▶ Required work
Your job is to print, exactly, the lines in the data below from the line with "Immigrants from Latvia" through the line with "This Patriotic fabric", both included, and to omit any picture.

(Data extract begins)

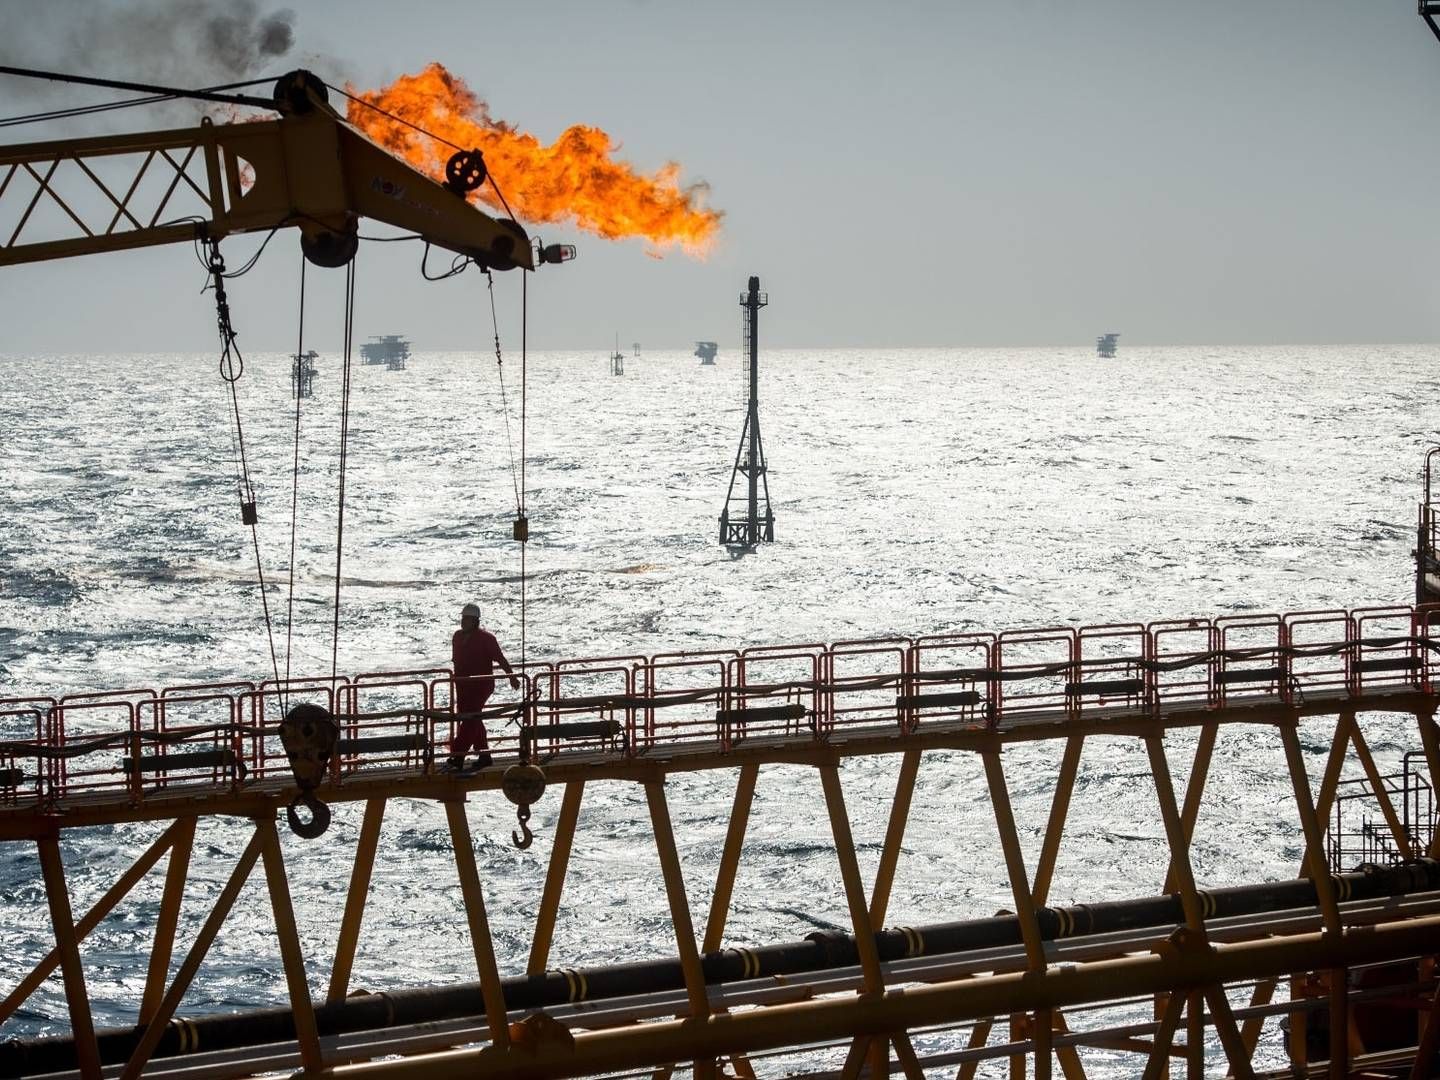 OPEC members consider suspending Russia from oil deal. | Photo: Bloomberg/Bloomberg
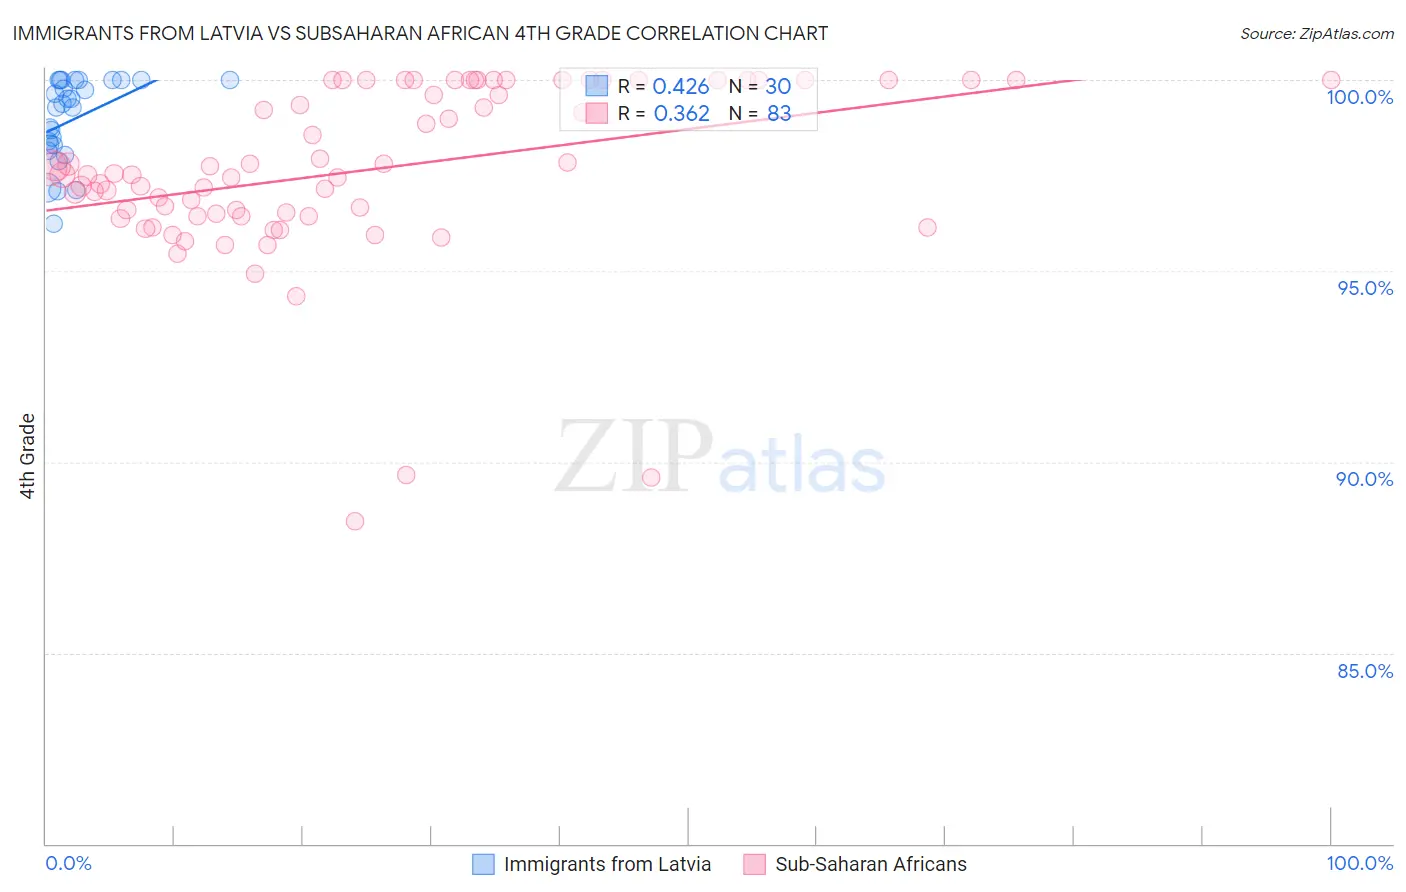 Immigrants from Latvia vs Subsaharan African 4th Grade
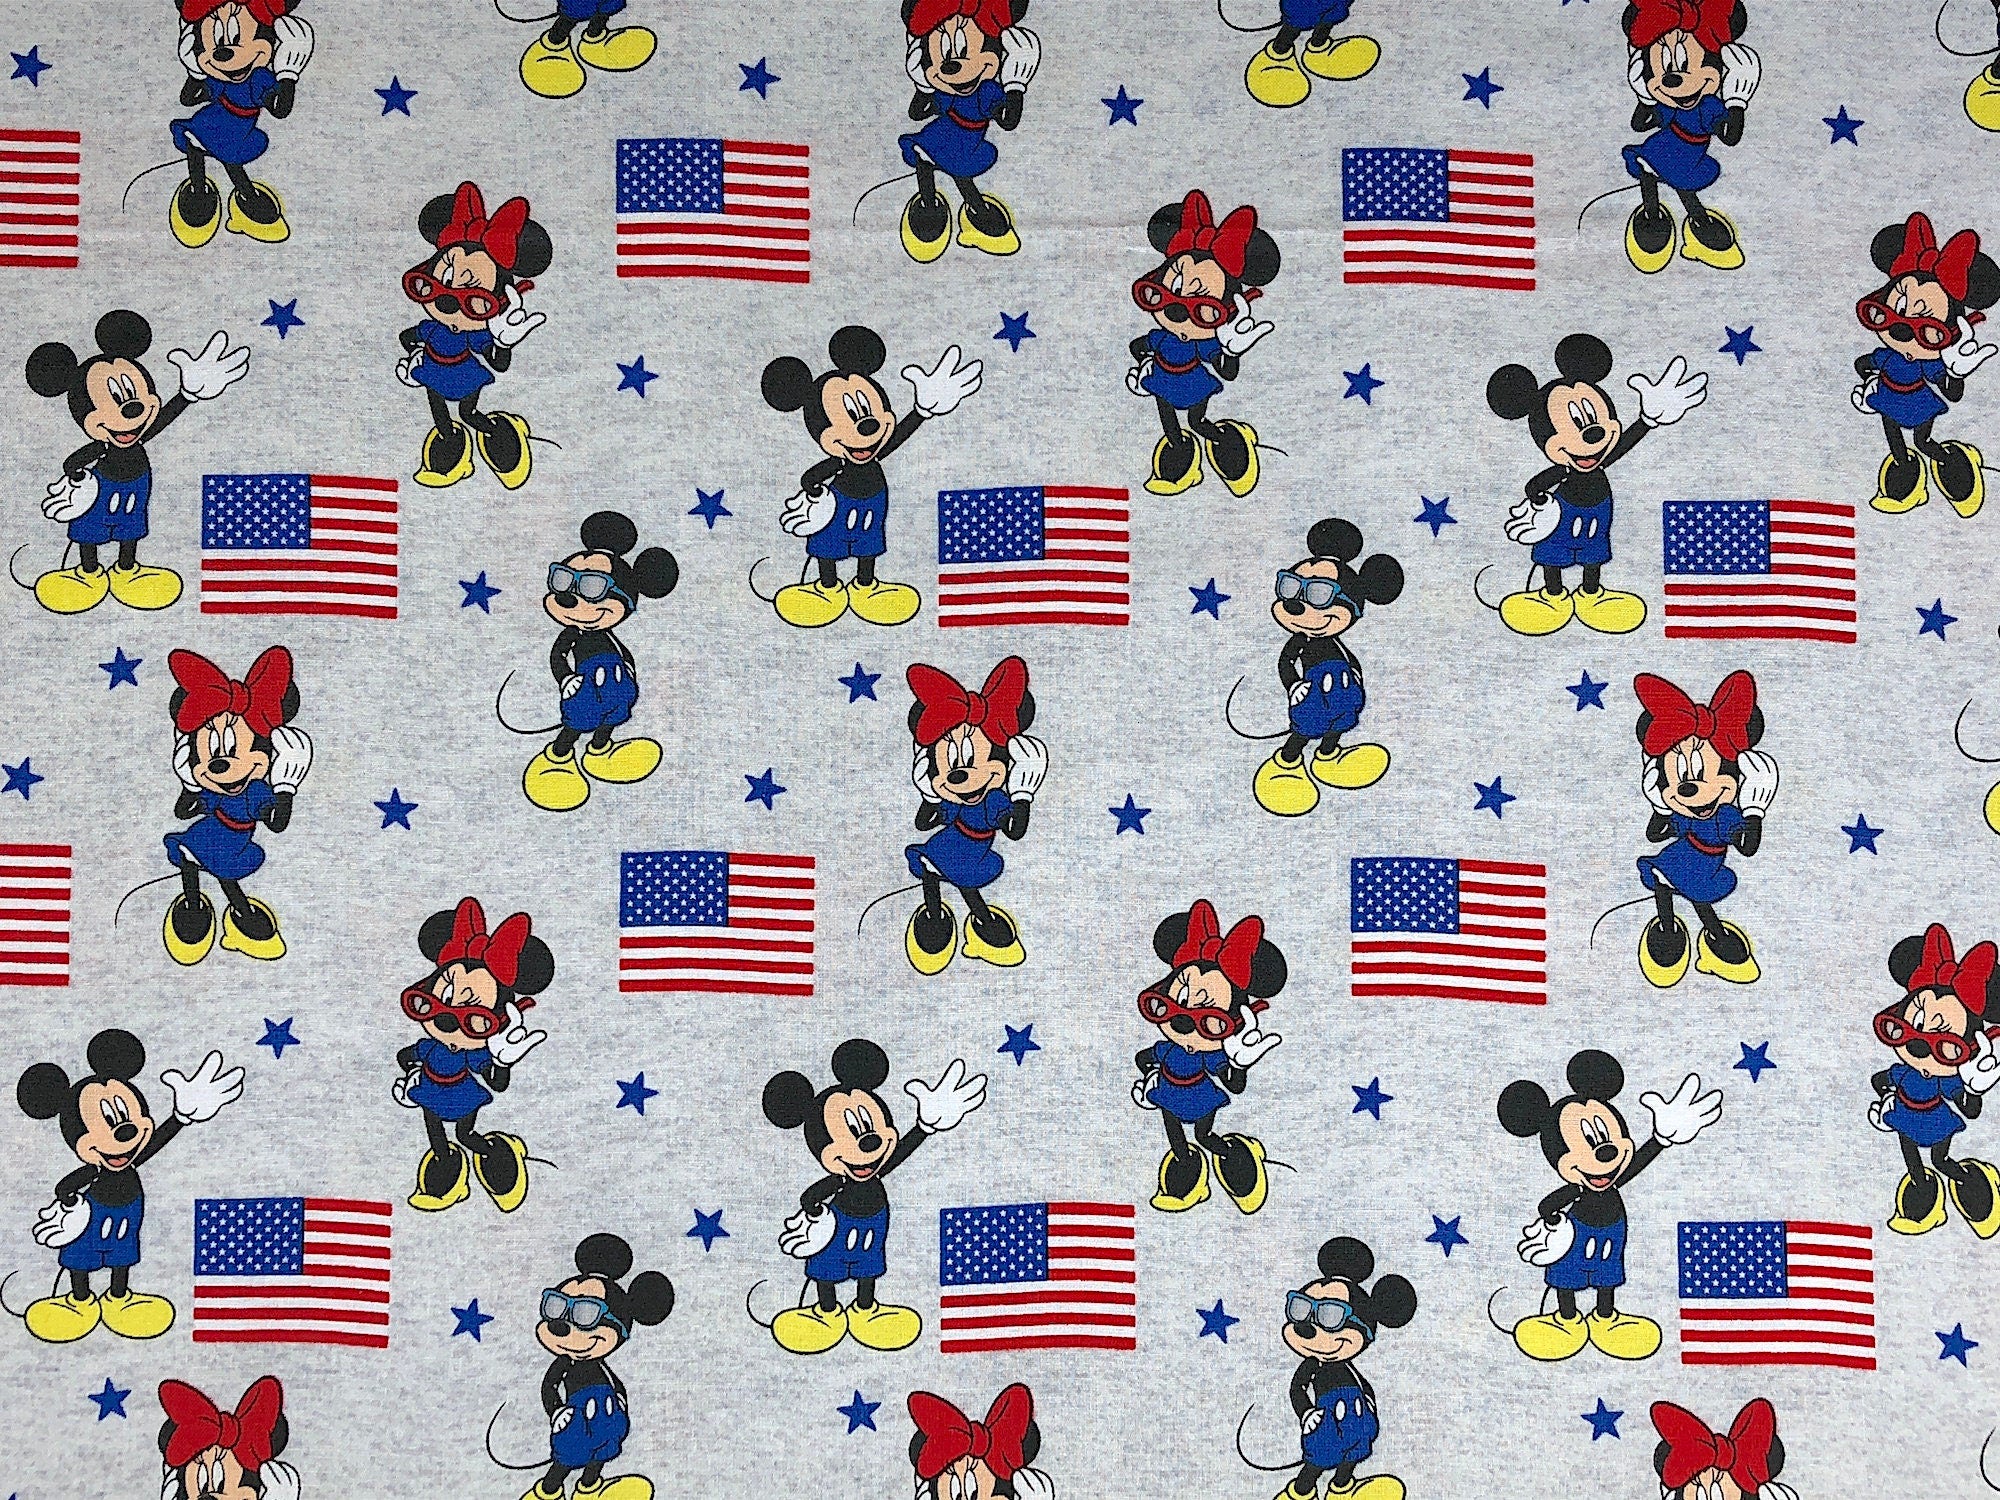 This Patriotic fabric is covered with Mickey and Minnie Mouse and USA flags.
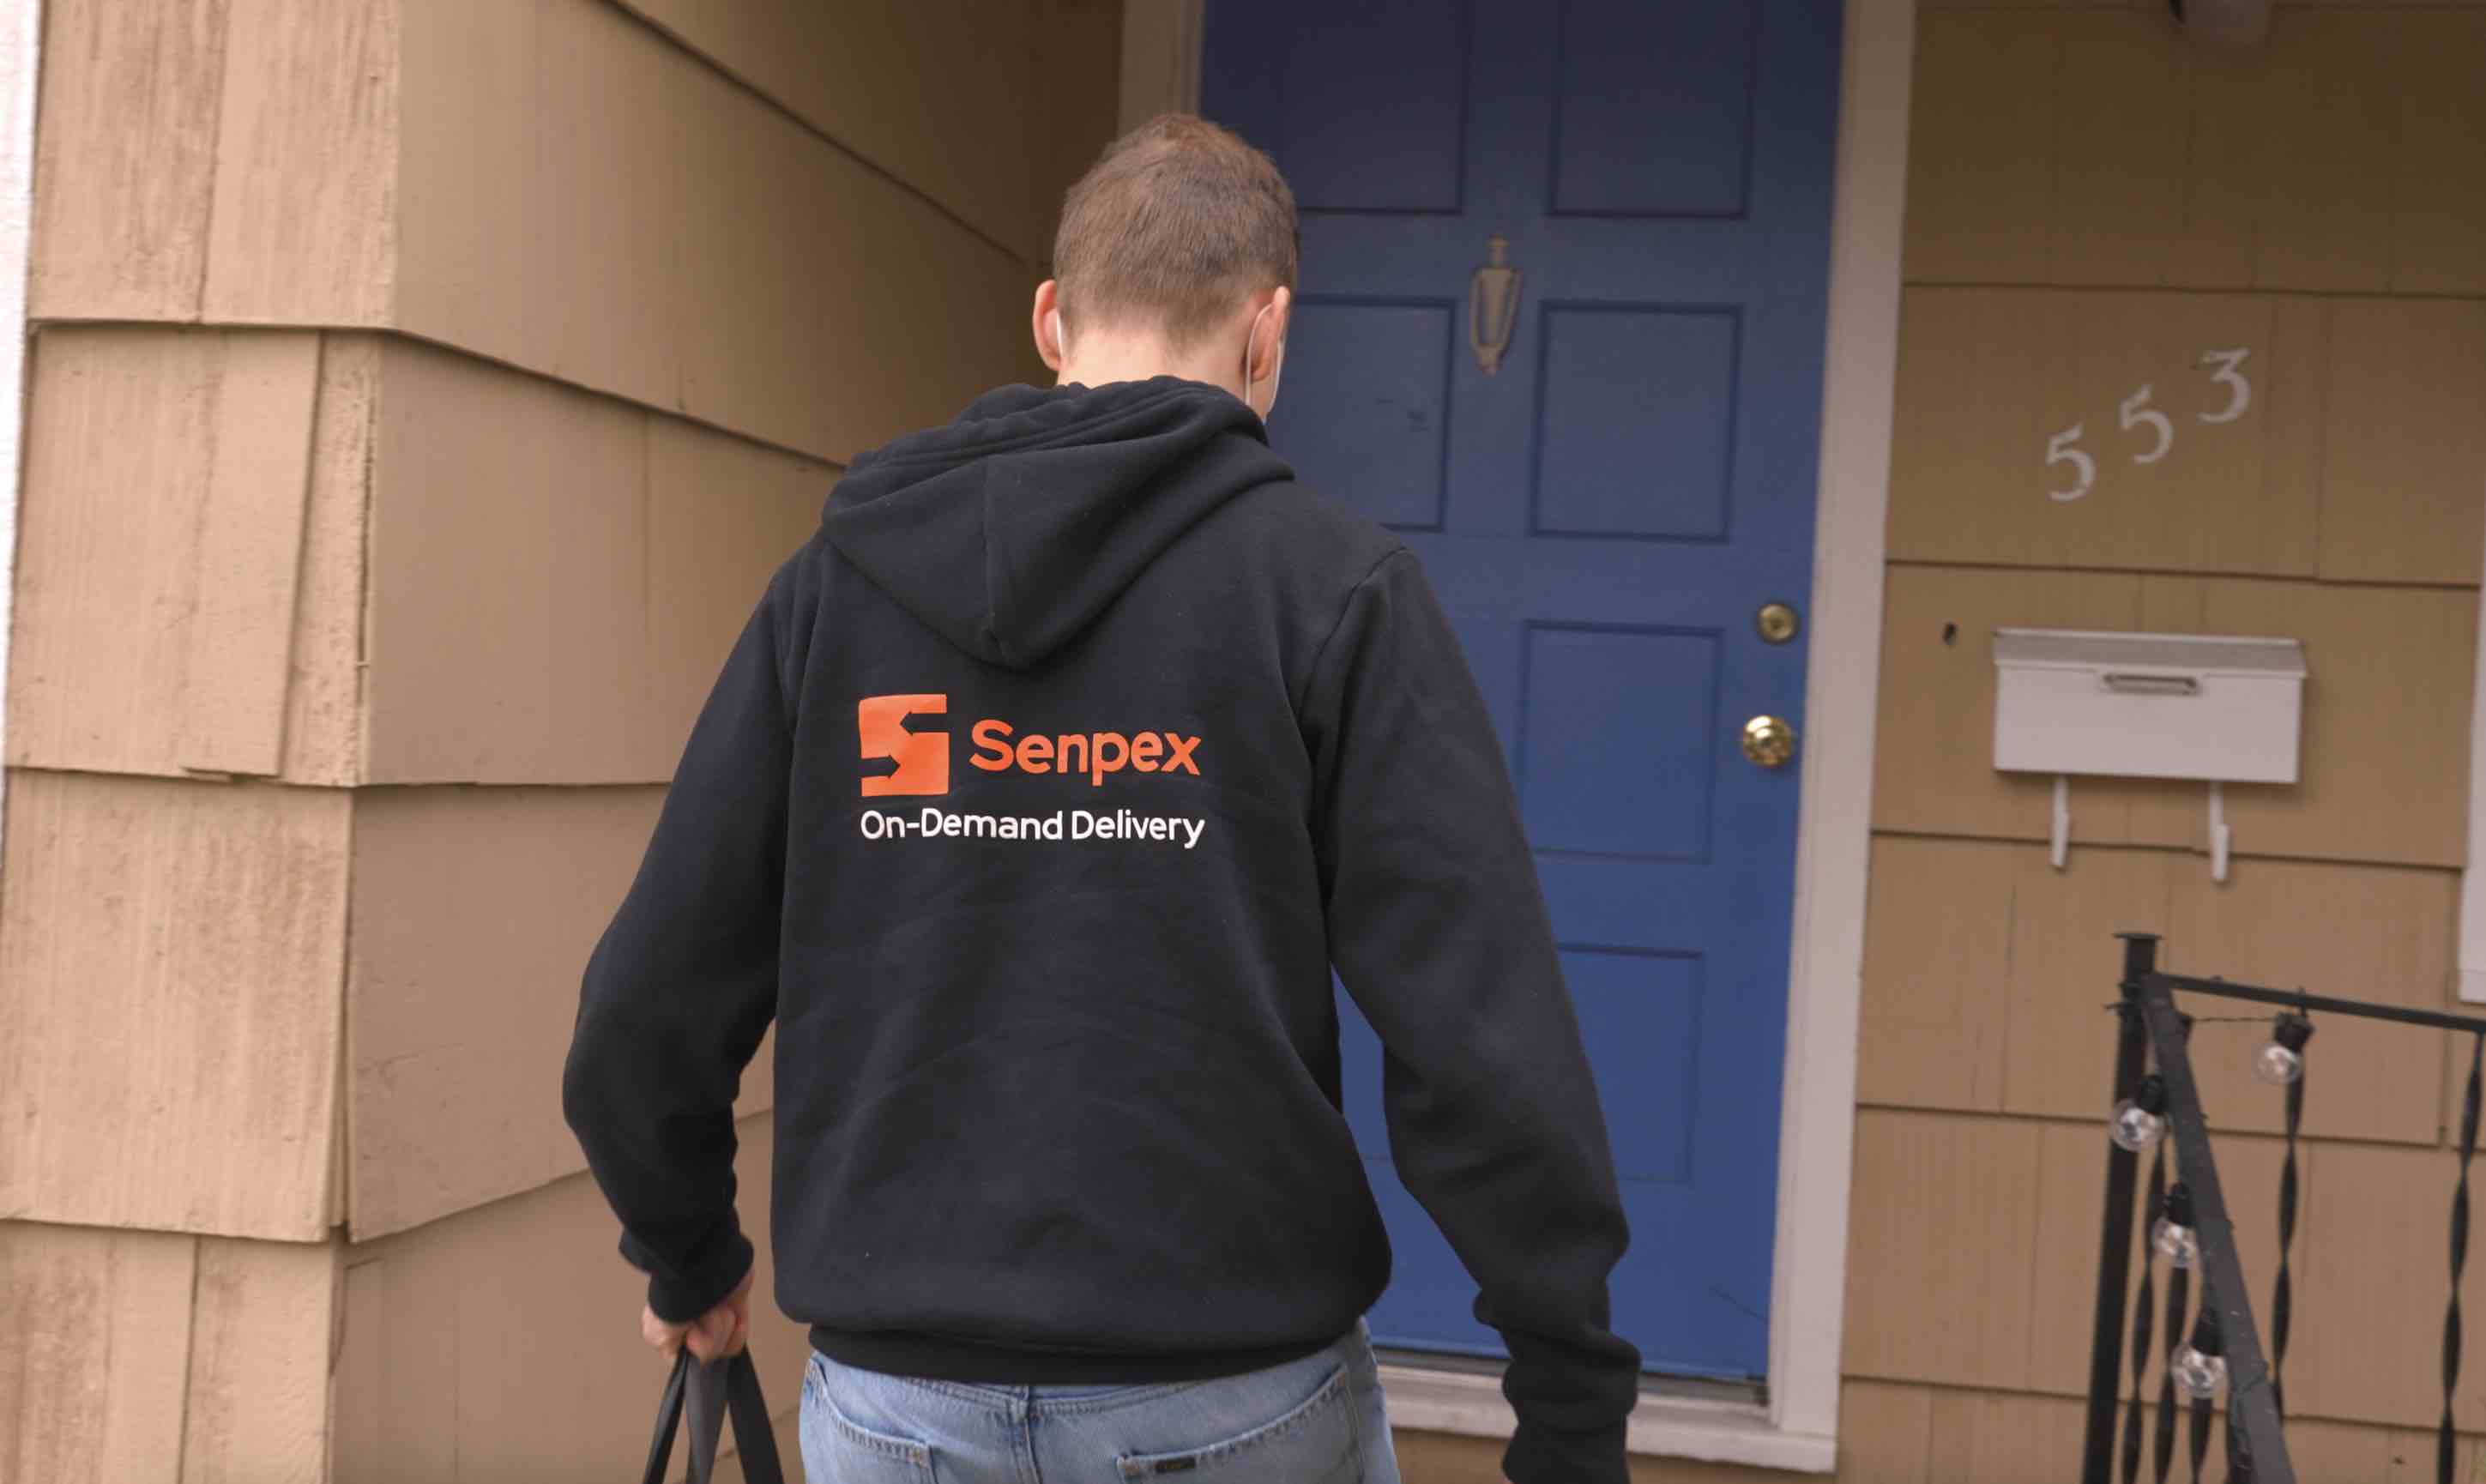 Senpex Technology launches logistics feature "Senpex Flex" allowing organizations to partner with dedicated drivers

(Data extract ends)

▶ Task response
 Immigrants from Latvia vs Subsaharan African 4th Grade
 This Patriotic fabric is covered with Mickey and Minnie Mouse and USA flags.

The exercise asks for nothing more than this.